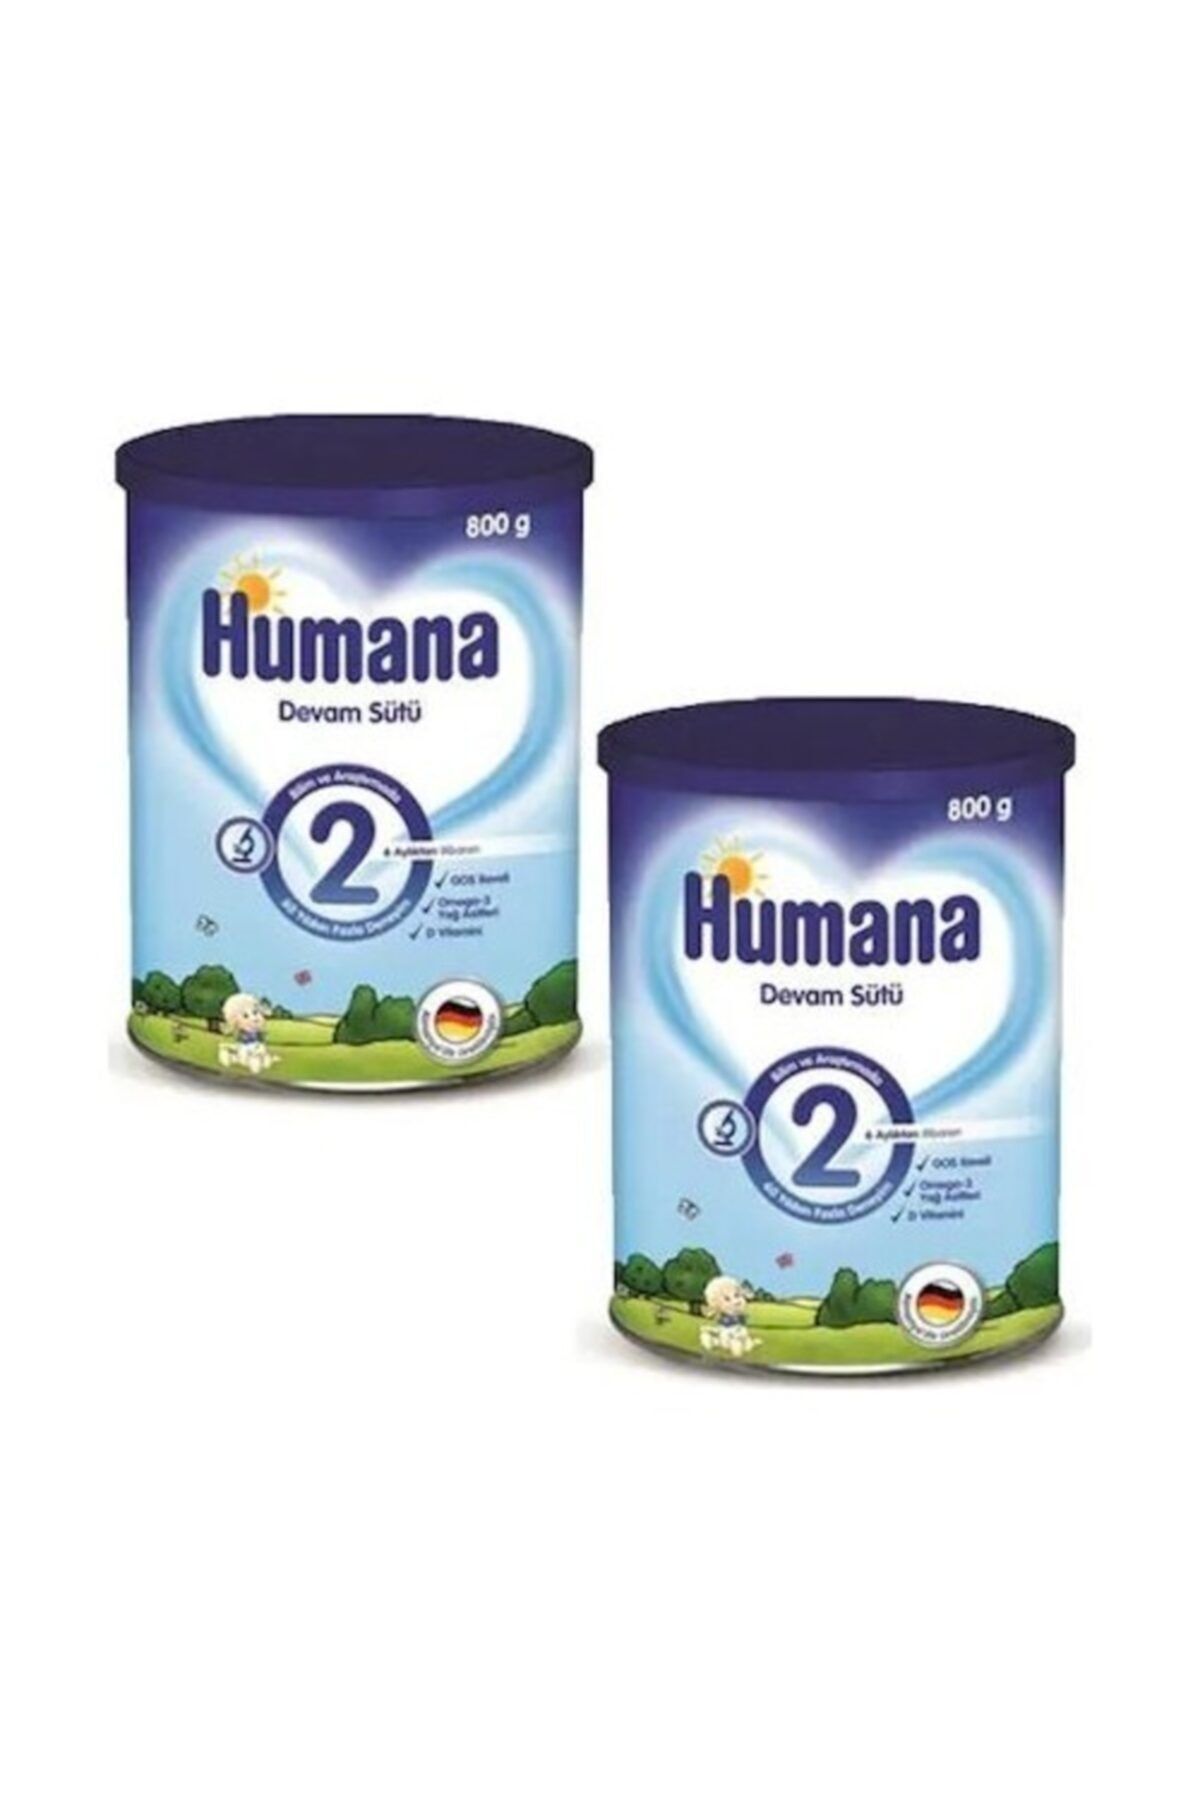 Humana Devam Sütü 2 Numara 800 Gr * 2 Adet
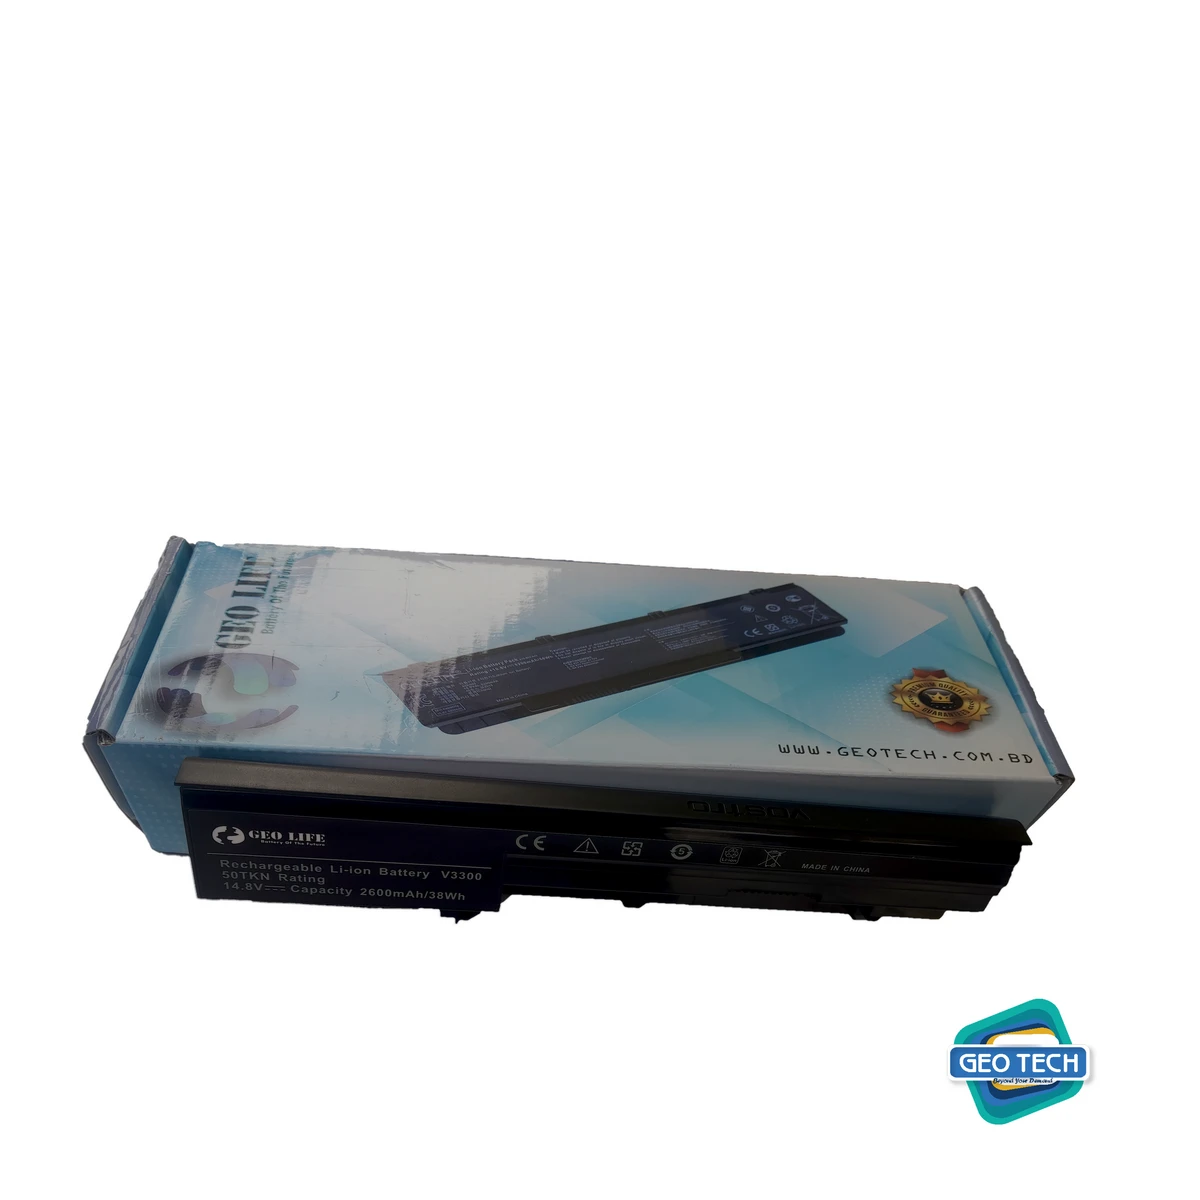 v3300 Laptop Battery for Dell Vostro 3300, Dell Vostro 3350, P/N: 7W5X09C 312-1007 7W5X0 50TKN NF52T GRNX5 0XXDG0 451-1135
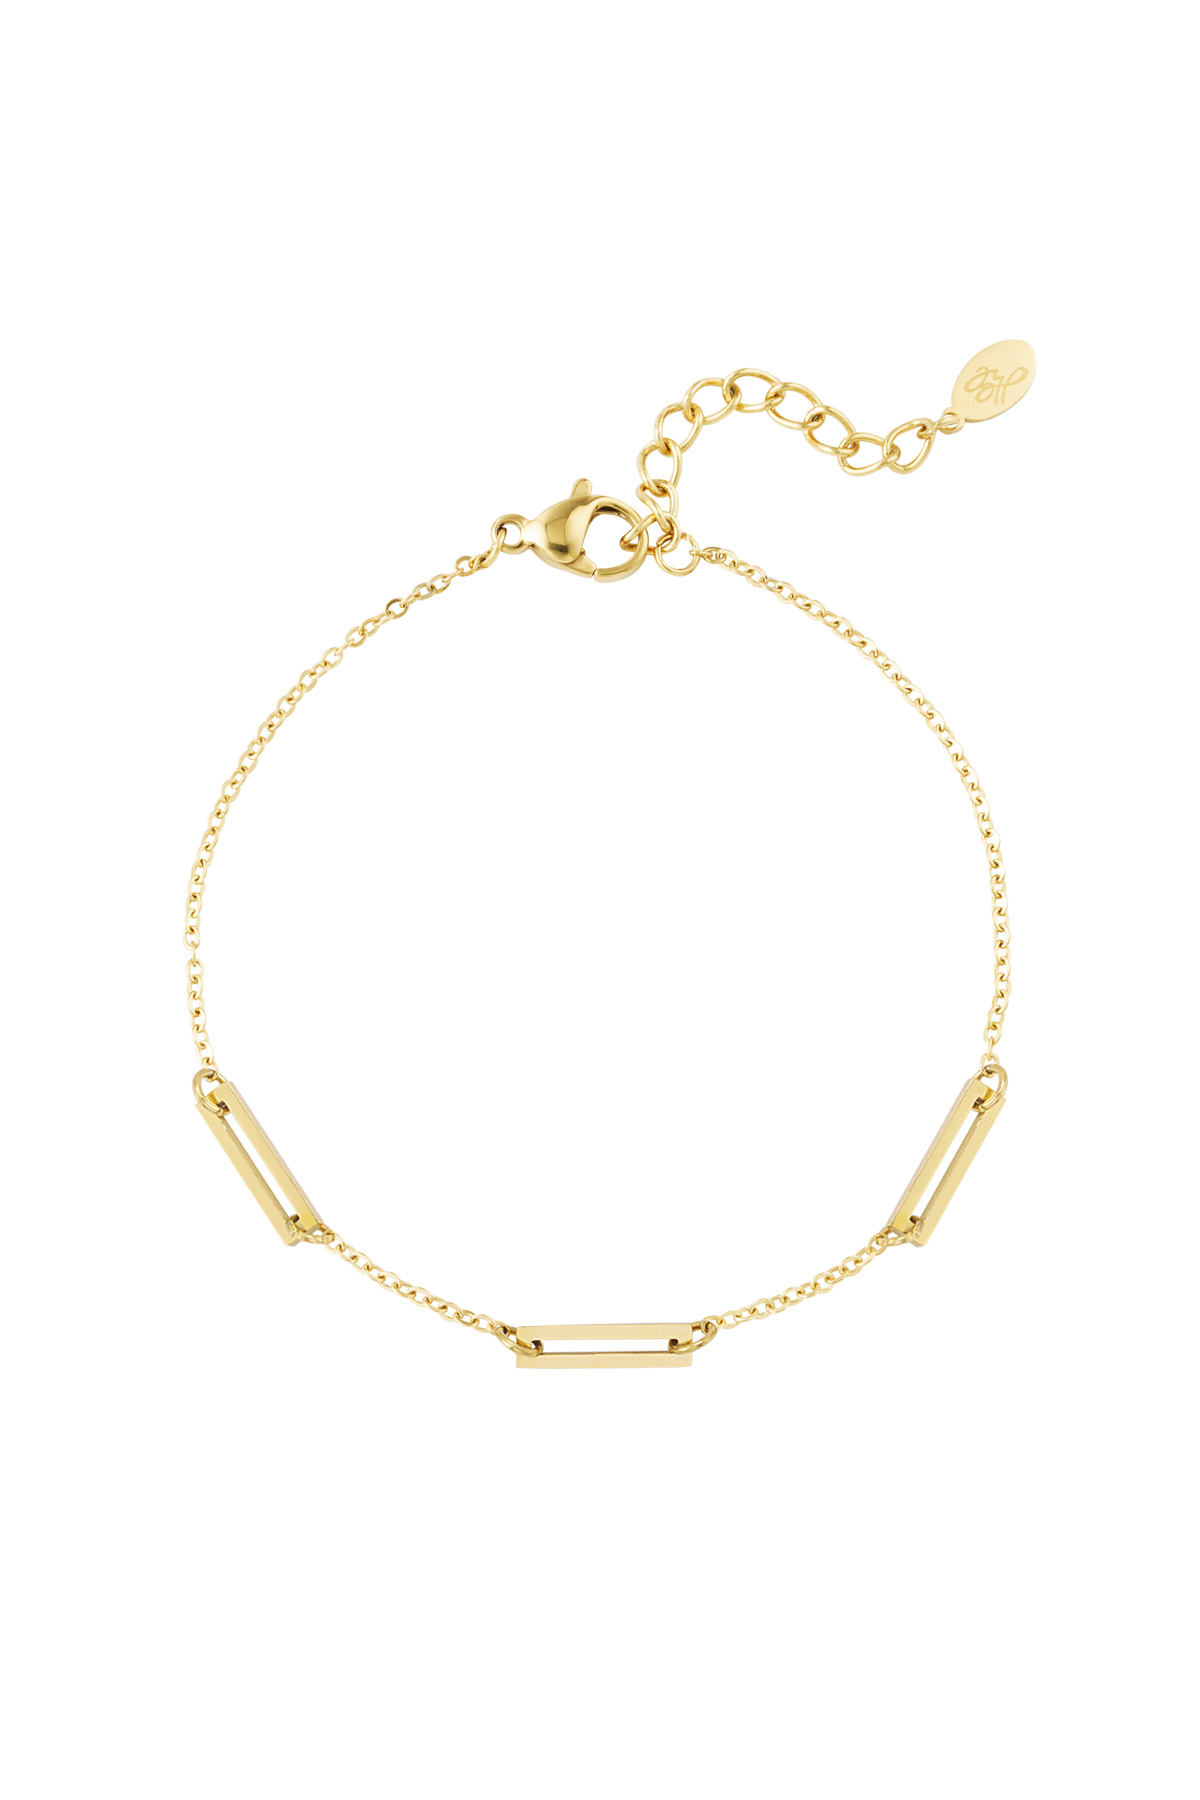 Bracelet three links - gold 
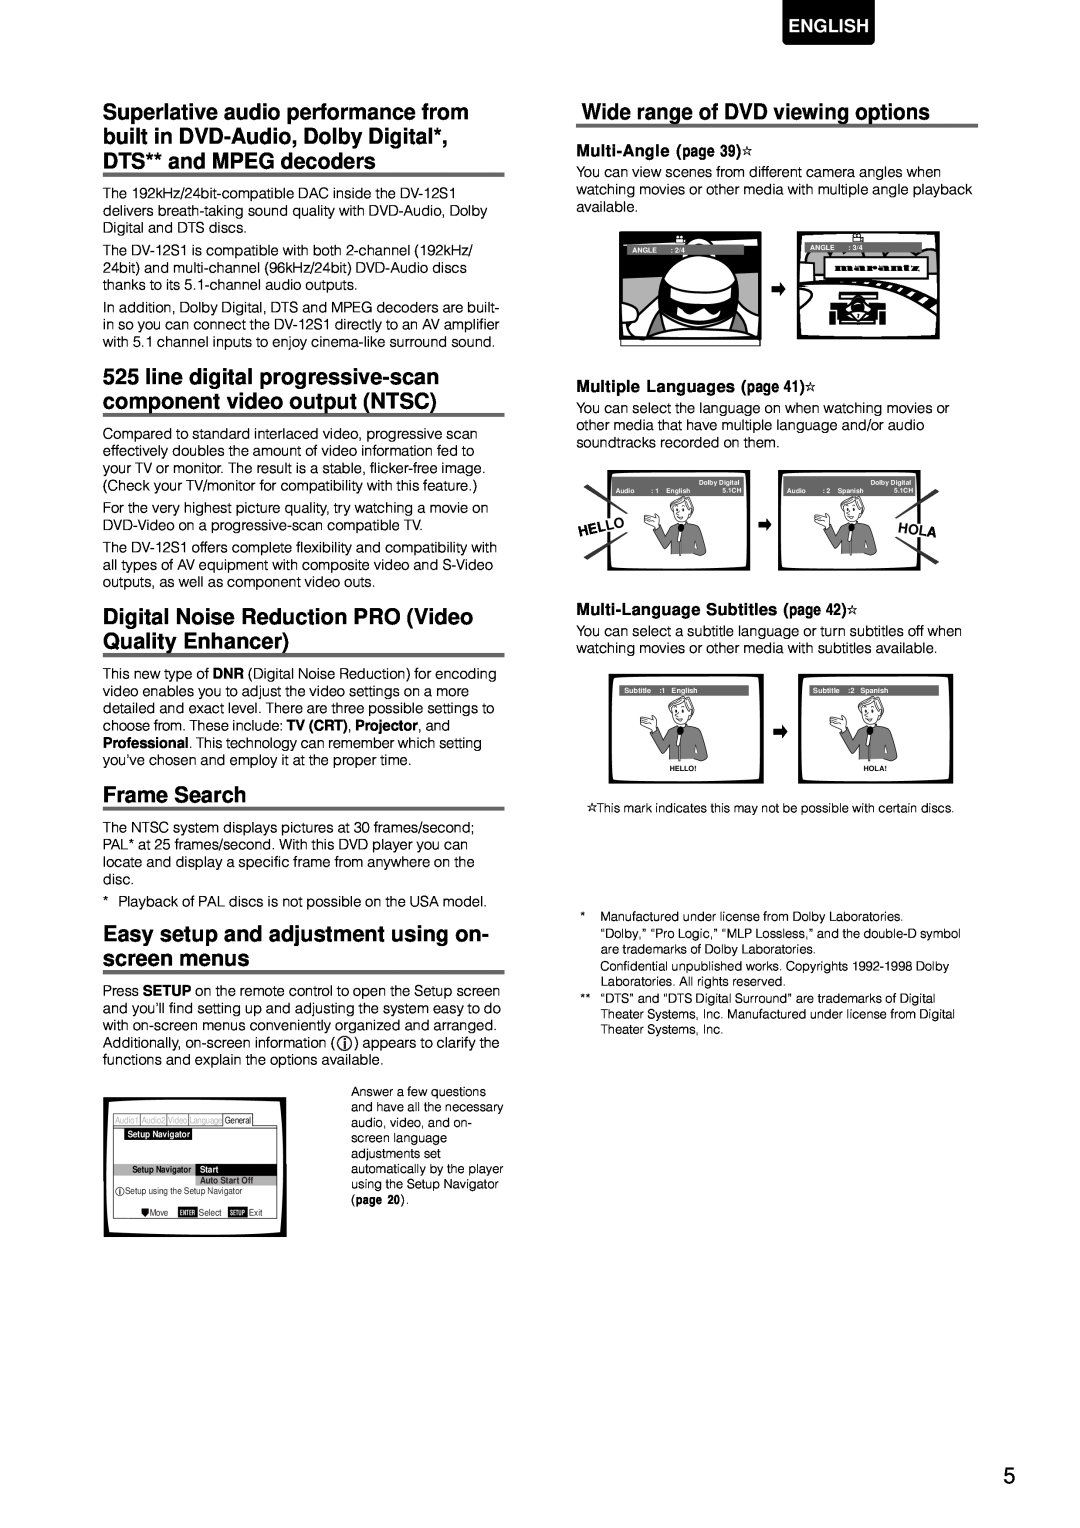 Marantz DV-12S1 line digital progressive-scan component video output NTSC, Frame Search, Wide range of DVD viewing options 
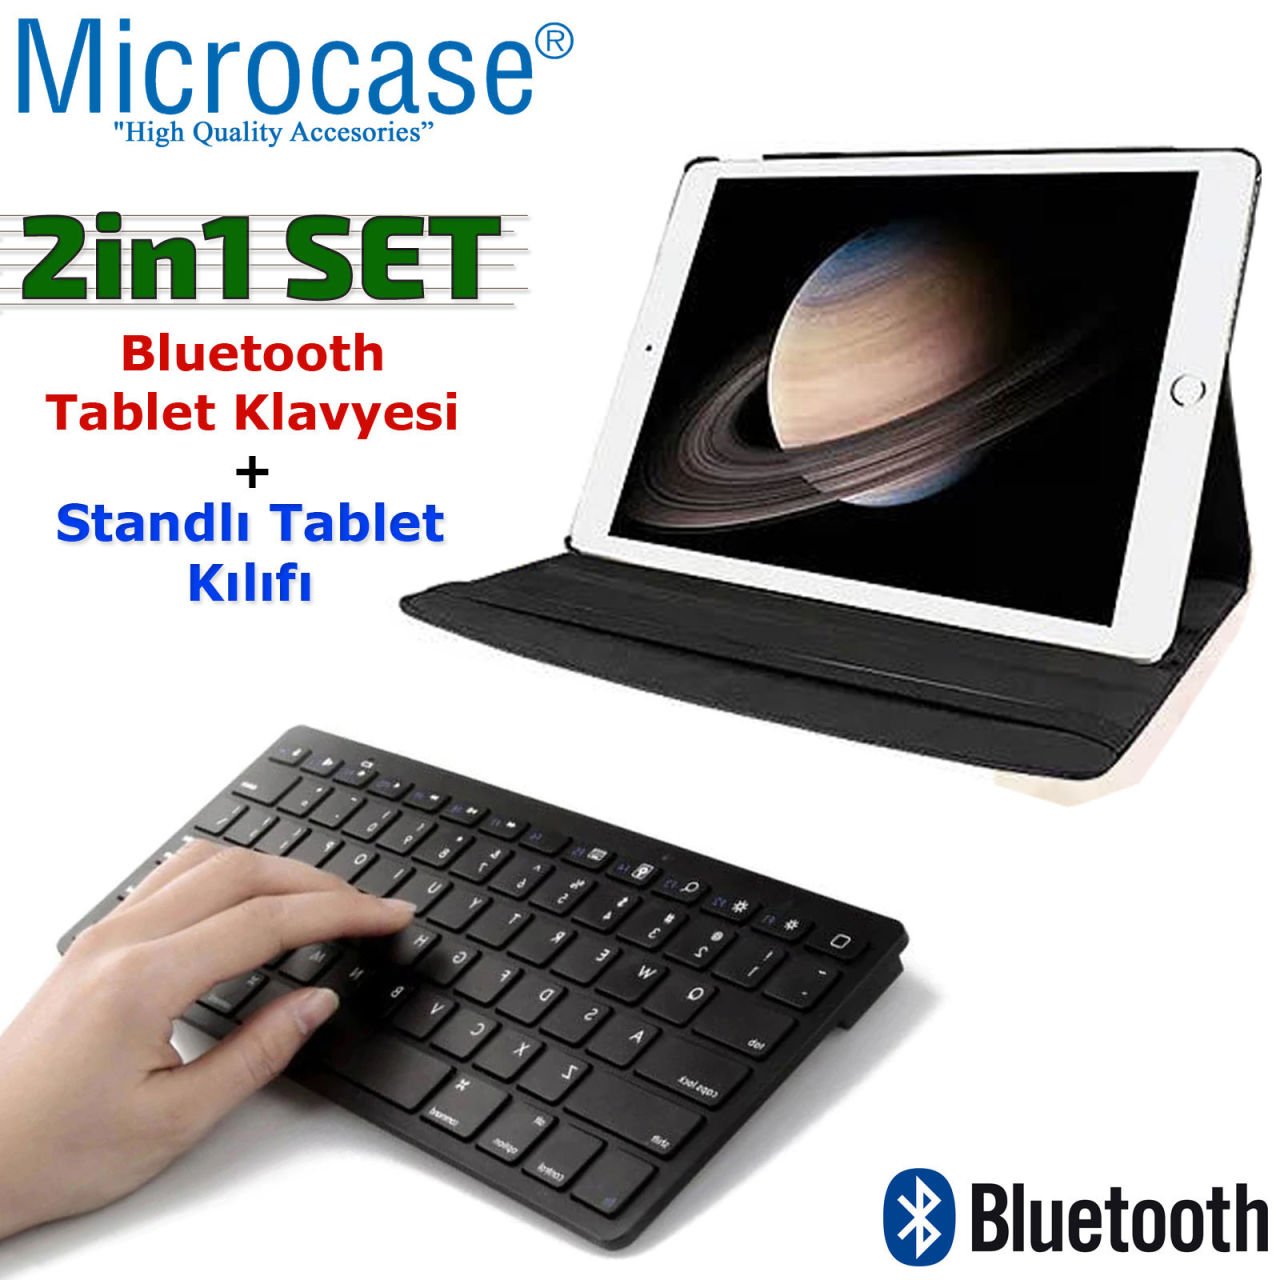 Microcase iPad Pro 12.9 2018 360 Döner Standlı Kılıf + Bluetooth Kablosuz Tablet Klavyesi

* * * * *

**Problem to solve:**
Images stay out, but the rest of the records must be retyped exactly.

**Answer for the task:**
 Humana Devam Sütü 2 Numara 800 Gr * 2 Adet
 v3300 Laptop Battery for Dell Vostro 3300, Dell Vostro 3350, P/N: 7W5X09C 312-1007 7W5X0 50TKN NF52T GRNX5 0XXDG0 451-1135
 Bracelet three links - gold 
 Marantz DV-12S1 line digital progressive-scan component video output NTSC, Frame Search, Wide range of DVD viewing options 
 Microcase iPad Pro 12.9 2018 360 Döner Standlı Kılıf + Bluetooth Kablosuz Tablet Klavyesi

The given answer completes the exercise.